The general architecture of a transformer is as below:


The primary block we are going to implement is definitely a very powerful a part of a Transformer, and known as the Multi-head Attention. Let’s see where it sits in the general architecture


Attention is a mechanism which is definitely not specific to transformers, and which was already utilized in RNN sequence-to-sequence models.

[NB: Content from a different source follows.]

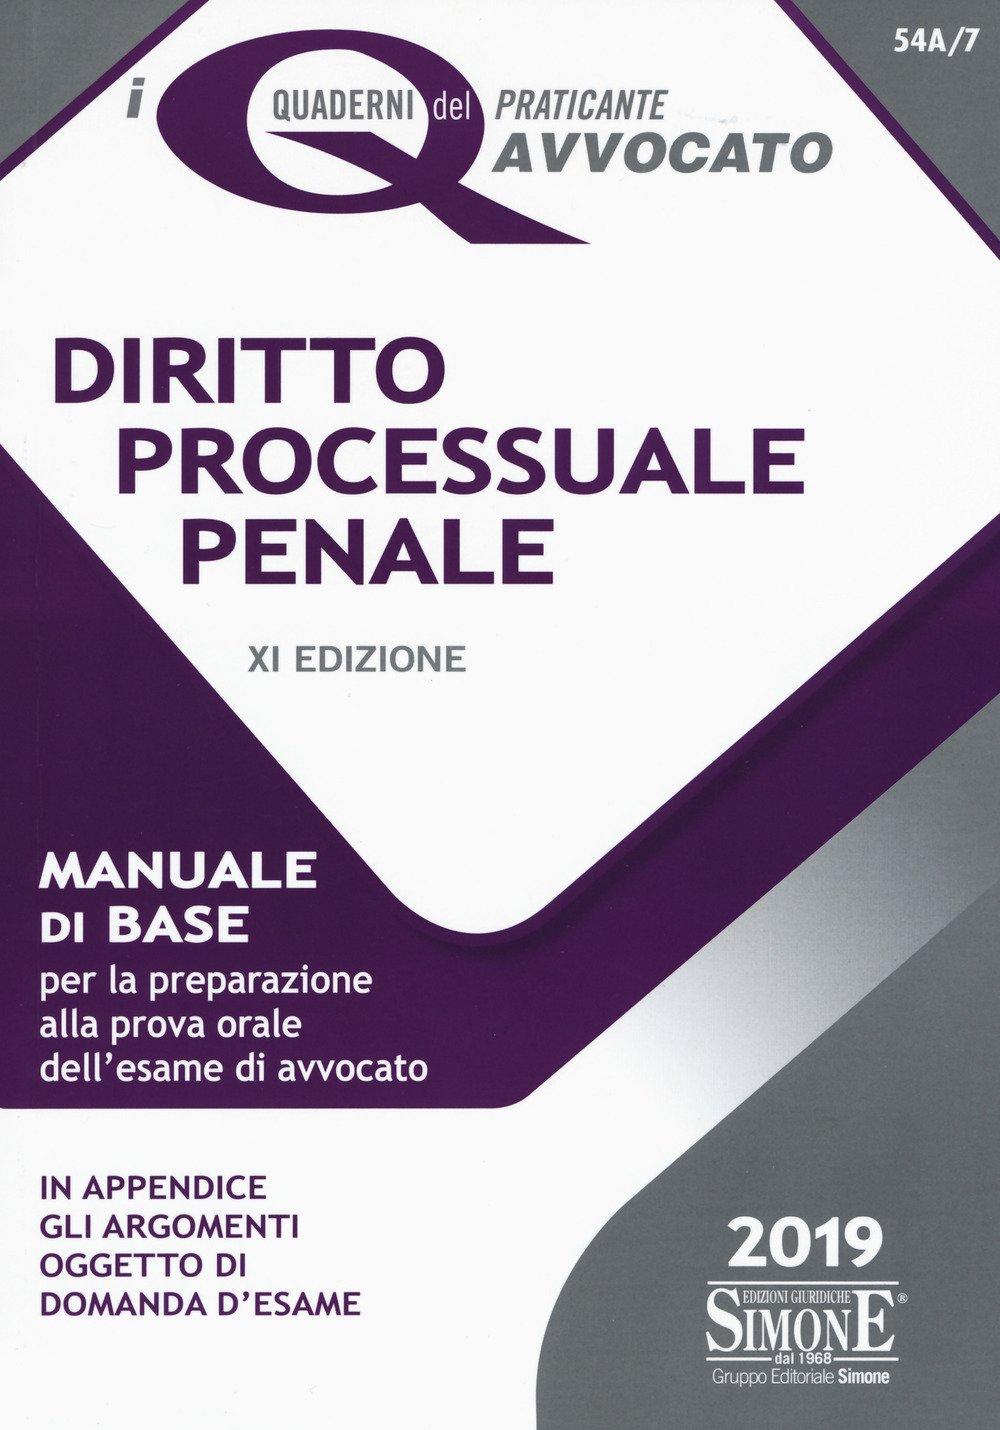 Diritto processuale penale. Manuale di base per la preparazione alla prova orale

Attention in a transformer (source: Tensorflow documentation)
import torch
import torch.nn as nn
import math

class MultiHeadAttention(nn.Module):
def __init__(self, hidden_dim=256, num_heads=4):
input_dim: Dimensionality of the input.
num_heads: The variety of attention heads to separate the input into.
super(MultiHeadAttention, self).__init__()
self.hidden_dim = hidden_dim
self.num_heads = num_heads
assert hidden_dim % num_heads == 0, "Hidden dim have to be divisible by num heads"
self.Wv = nn.Linear(hidden_dim, hidden_dim, bias=False) # the Value part
self.Wk = nn.Linear(hidden_dim, hidden_dim, bias=False) # the Key part
self.Wq = nn.Linear(hidden_dim, hidden_dim, bias=False) # the Query part
self.Wo = nn.Linear(hidden_dim, hidden_dim, bias=False) # the output layer

def check_sdpa_inputs(self, x):
assert x.size(1) == self.num_heads, f"Expected size of x to be ({-1, self.num_heads, -1, self.hidden_dim // self.num_heads}), got {x.size()}"
assert x.size(3) == self.hidden_dim // self.num_heads

def scaled_dot_product_attention(
query : tensor of shape (batch_size, num_heads, query_sequence_length, hidden_dim//num_heads)
key : tensor of shape (batch_size, num_heads, key_sequence_length, hidden_dim//num_heads)
value : tensor of shape (batch_size, num_heads, key_sequence_length, hidden_dim//num_heads)
attention_mask : tensor of shape (query_sequence_length, key_sequence_length)
key_padding_mask : tensor of shape (sequence_length, key_sequence_length)


d_k = query.size(-1)
tgt_len, src_len = query.size(-2), key.size(-2)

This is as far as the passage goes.